The results of the study examine the effects of debt relief. Over the first three months of the project, the treatment group was half as likely to be charged with a new offense than those whose fines were not paid. Over the course of a year, this gap narrows to almost zero. Conviction rates and jail booking rates followed a similar curve. These results suggest that fee relief reduces criminal behavior over the first few months, but over the longer term, relief neither contributes to crime nor has a measurable deterrent effect.
In terms of revenue recovery, participants in the control group who made any payment at all typically did so in the first six months. Only 11% paid an amount over the year that amounted to a tenth of their debt, and barely 50% paid an equivalent of one year’s worth of a payment plan, roughly $300. Considering that the average amount owed in the control group was $2,880 after one year, the study shows that using fines and fees as a means to generate revenue is extraordinarily inefficient.

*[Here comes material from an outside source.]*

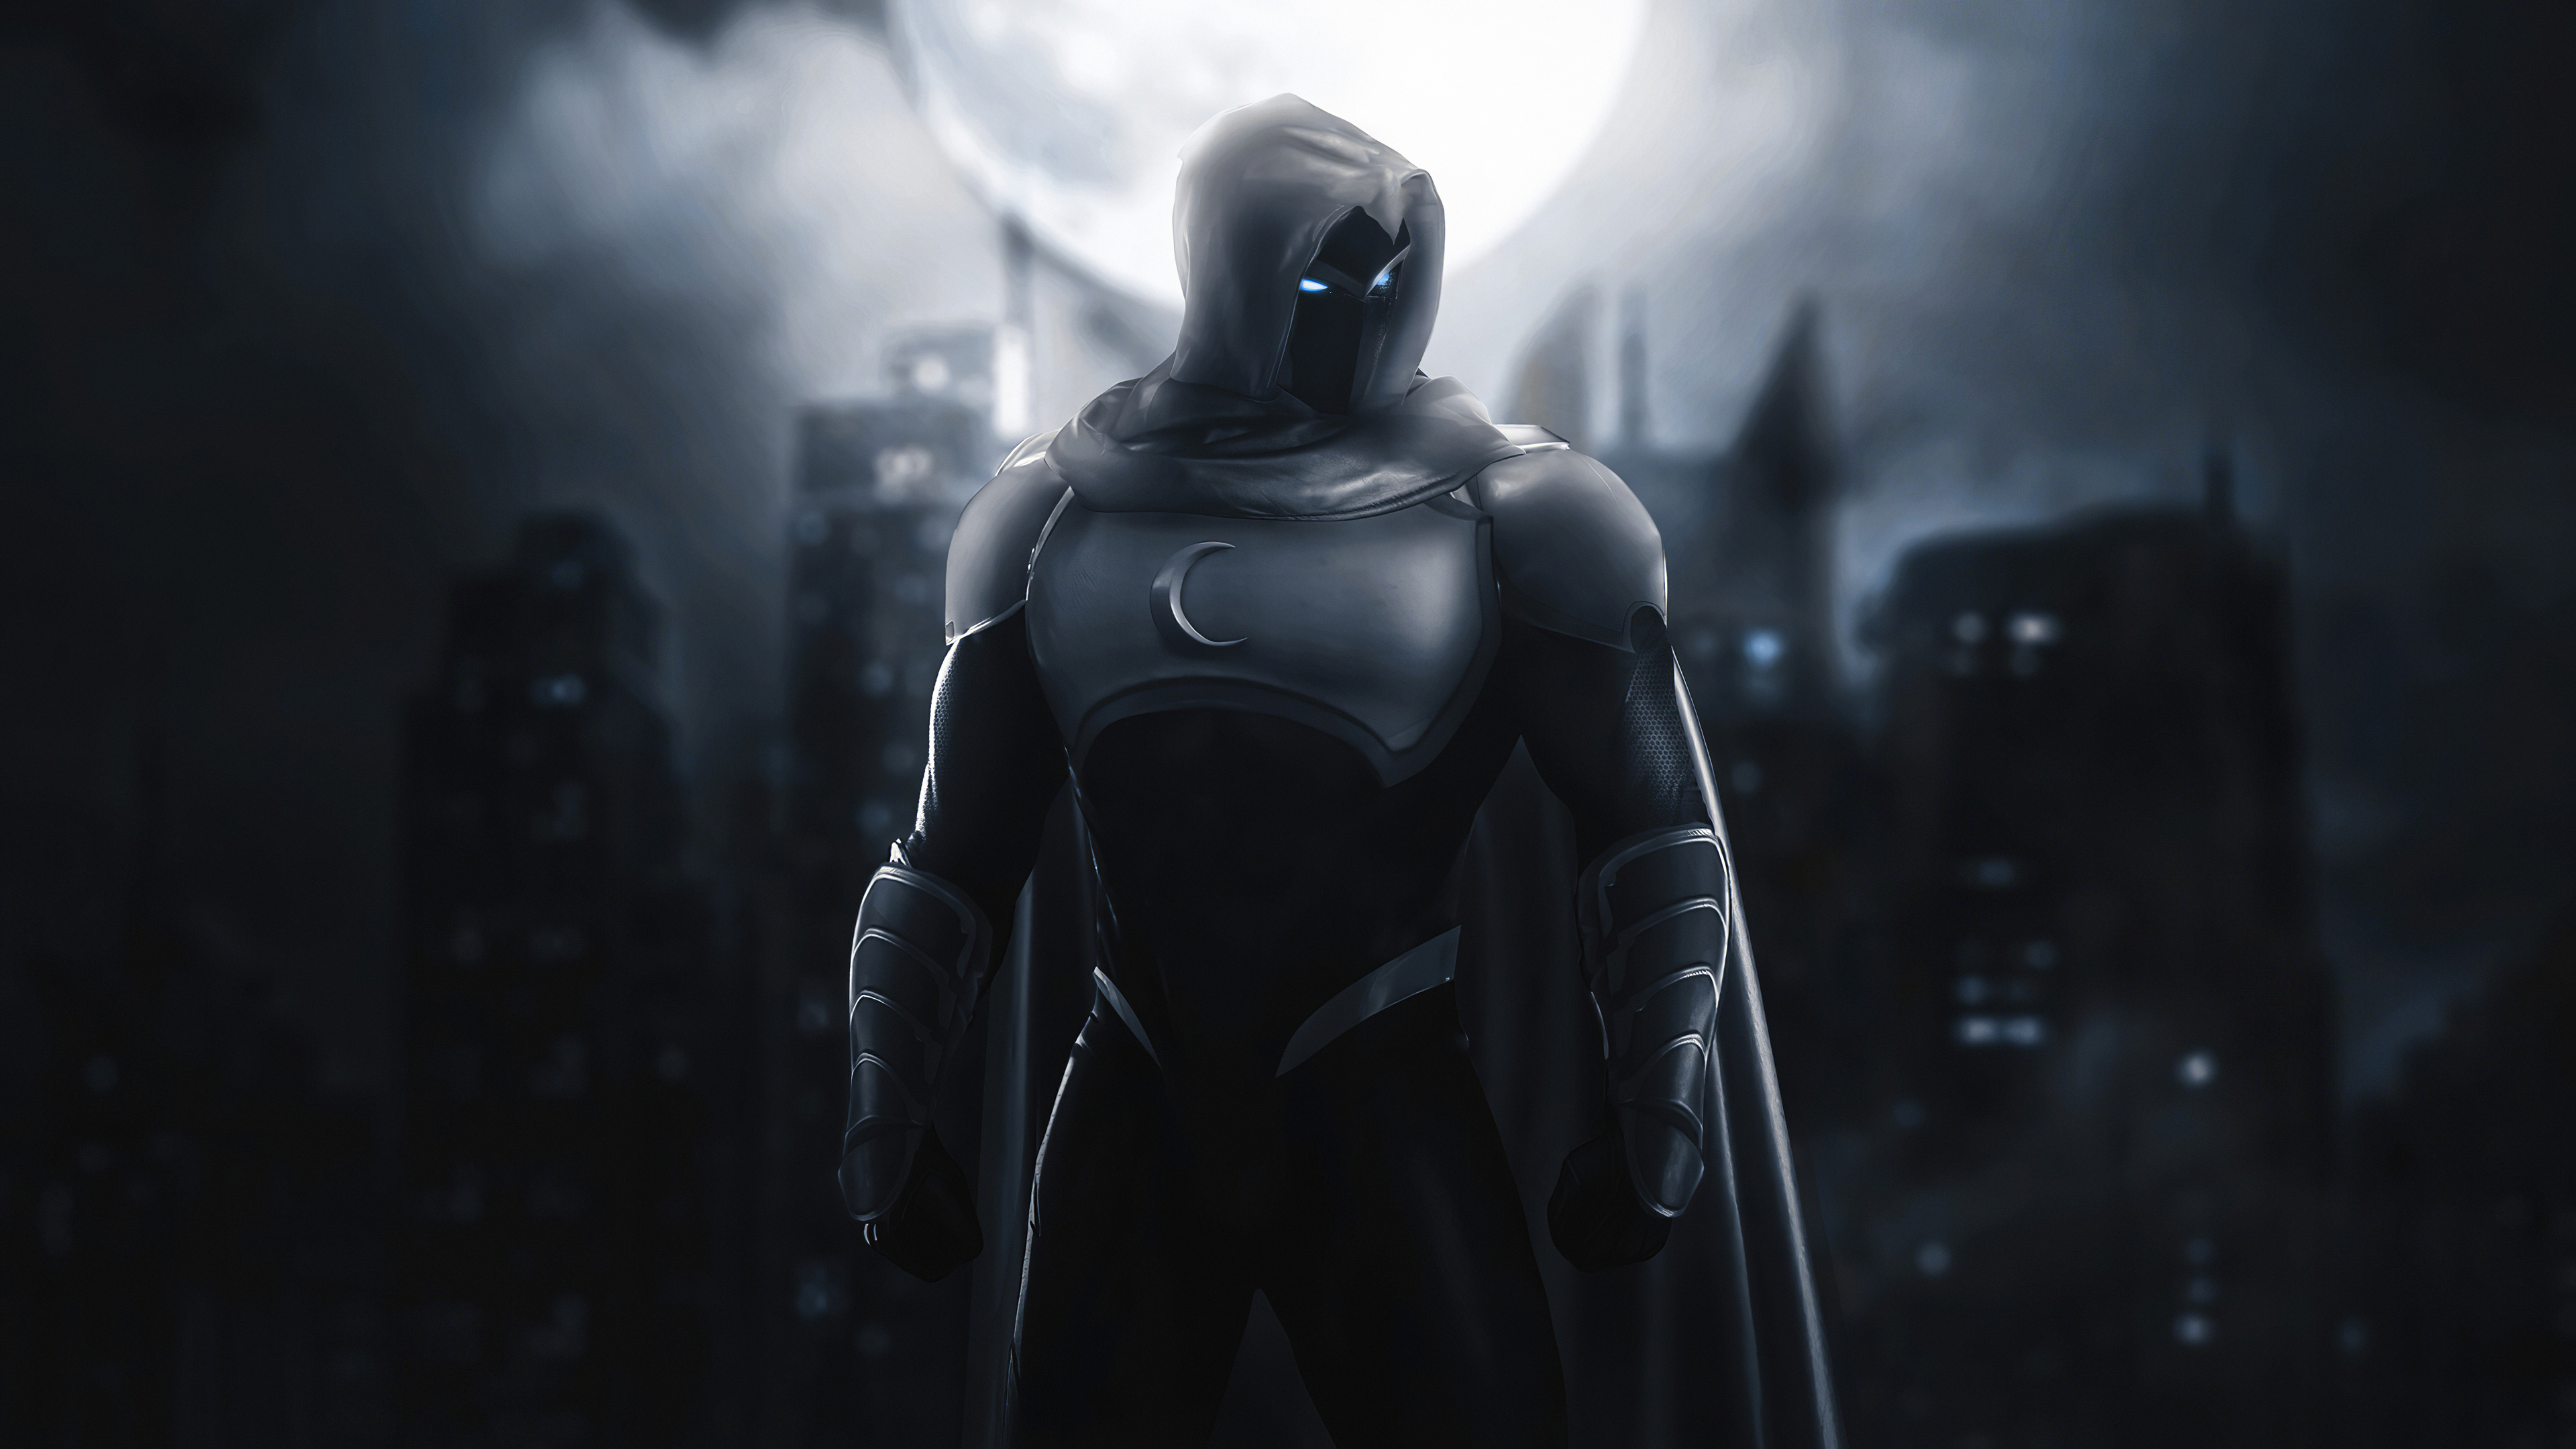 Moon Knight 4k 2020, HD Superheroes, 4k Wallpapers, Image, Backgrounds, Photos and Pictures

This inefficiency did not stop Oklahoma County courts from referring the control group participants to private debt collectors; 20% of the control group had their debt referred to a private collector, though such referrals had no significant impact on payment.
Results in the treatment group varied across race, employment status, and the presence of substance abuse issues. Participants who self-reported drug or alcohol problems saw results that did not show significant variation from the treatment group as a whole. Differences did emerge, however, when participants were compared by employment status and race. Jobless participants were nearly twice as likely to be arrested as the employed but only 5% more likely to be convicted of any offense. Sorting the treatment group by race revealed that while non-whites were more likely to be rearrested and convicted than whites over the course of the study, the difference between the two groups was similar to that found in the control group. This means that while the court system seems to function unjustly, the treatment effect of debt relief was similar across racial lines.
The study results appear likely to generalize to other jurisdictions, but it is difficult to estimate the full effect in jurisdictions with more punitive policies regarding court debt. In places that impose fees more widely and jail for failure to pay, court debt relief might well have more measurable effects over the long term.
The authors of the study are confident the results “provide strong evidence for how fines and fees contribute to a criminalization of poverty, and they help specify how poor people become subject to enduring criminal justice control.” Fines act to create social strain that leads to rearrest by prolonging criminal court involvement and a sense of “permanent punishment.”
The imposition of fines has been viewed as a type of “state predation” in which courts seize the assets of those who become enmeshed in the criminal justice system, especially the poor and people of color; however, low levels of payment found in the study offer evidence against this view.
The authors concluded that abolition of fines and fees, as well as the relief of existing debt, would have little effect on crime but would eliminate the large but mostly ineffective bureaucracy tasked with collecting the debt. The elimination of these fines and fees would also erase one connection between criminalization and poverty.